I've tried small chunks, large chunks, manual chunking, auto-batching - the behavior is the same. Indexing works for first portion only, and then for all the rest.

2 replies

loiclec Apr 6, 2023

Hi @Revertron ,

Meilisearch starts processing tasks as soon as it receives them, which would explain why it indexes your dataset in (at least) two batches.

Immediately after the first chunk of documents is sent, Meilisearch starts indexing them.
While it is indexing the first chunk, it cannot start processing any new task. Therefore, new tasks sent to it will be placed in a queue.
Only after the first indexing batch is finished can it dequeue all the remaining tasks, batch them together, and process them.

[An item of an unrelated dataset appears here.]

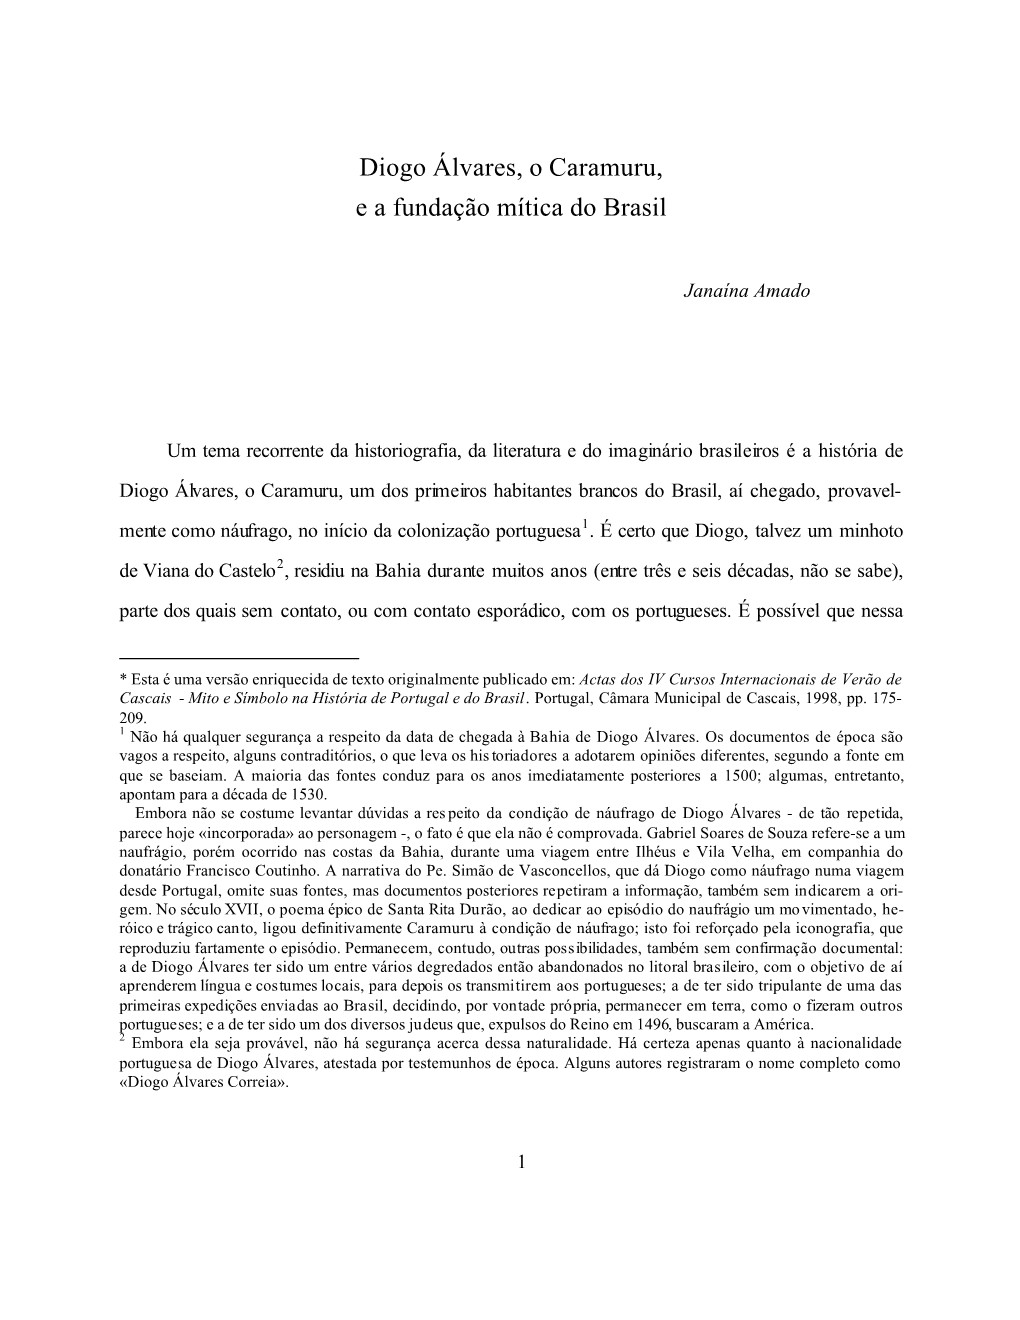 Diogo Álvares, O Caramuru, E a Fundação Mítica Do Brasil

That being said, if indexing performance is not satisfactory for your use case, we should look into it in more details. Could you share with us some numbers about the time it takes to index the dataset (first chunk + the rest, separately)?

Revertron Apr 6, 2023

Okay, here are the numbers.
This is the first task that runs right after sending the first chunk of documents:

		{
			"uid": 3854,
			"indexUid": "books",
			"status": "succeeded",
			"type": "documentAdditionOrUpdate",
			"canceledBy": null,
			"details": {
				"receivedDocuments": 30,
				"indexedDocuments": 30
			},
			"error": null,
			"duration": "PT390.783545600S",
			"enqueuedAt": "2023-04-06T13:33:26.9373002Z",
			"startedAt": "2023-04-06T13:33:26.9406481Z",
			"finishedAt": "2023-04-06T13:39:57.7241937Z"
		},

It lasts for about 6 minutes.
And after that 86 tasks start at the same time. They look like this:

		{
			"uid": 3855,
			"indexUid": "books",
			"status": "succeeded",
			"type": "documentAdditionOrUpdate",
			"canceledBy": null,
			"details": {
				"receivedDocuments": 30,
				"indexedDocuments": 30
			},
			"error": null,
			"duration": "PT4244.499432200S",
			"enqueuedAt": "2023-04-06T13:33:27.1008227Z",
			"startedAt": "2023-04-06T13:39:57.7266952Z",
			"finishedAt": "2023-04-06T14:50:42.2261274Z"
		},

Here we get 71 minutes for 86 tasks, much efficient. So the first chunk stalls other tasks :-/

Revertron · 2023-04-06T19:29:45Z

Revertron
Apr 6, 2023

I have a question. When I add some documents to an index, does Meilisearch reindex whole index from the start?
Because it seems like that. And monitoring tools show that the index is read over and over :(
So the time of adding new documents is increasing exponentially. And is done in single thread almost all the time.

17 replies

loiclec Apr 25, 2023

@Revertron I think there are two things that we can do to help, although I can't guarantee that all your problems will be resolved quickly.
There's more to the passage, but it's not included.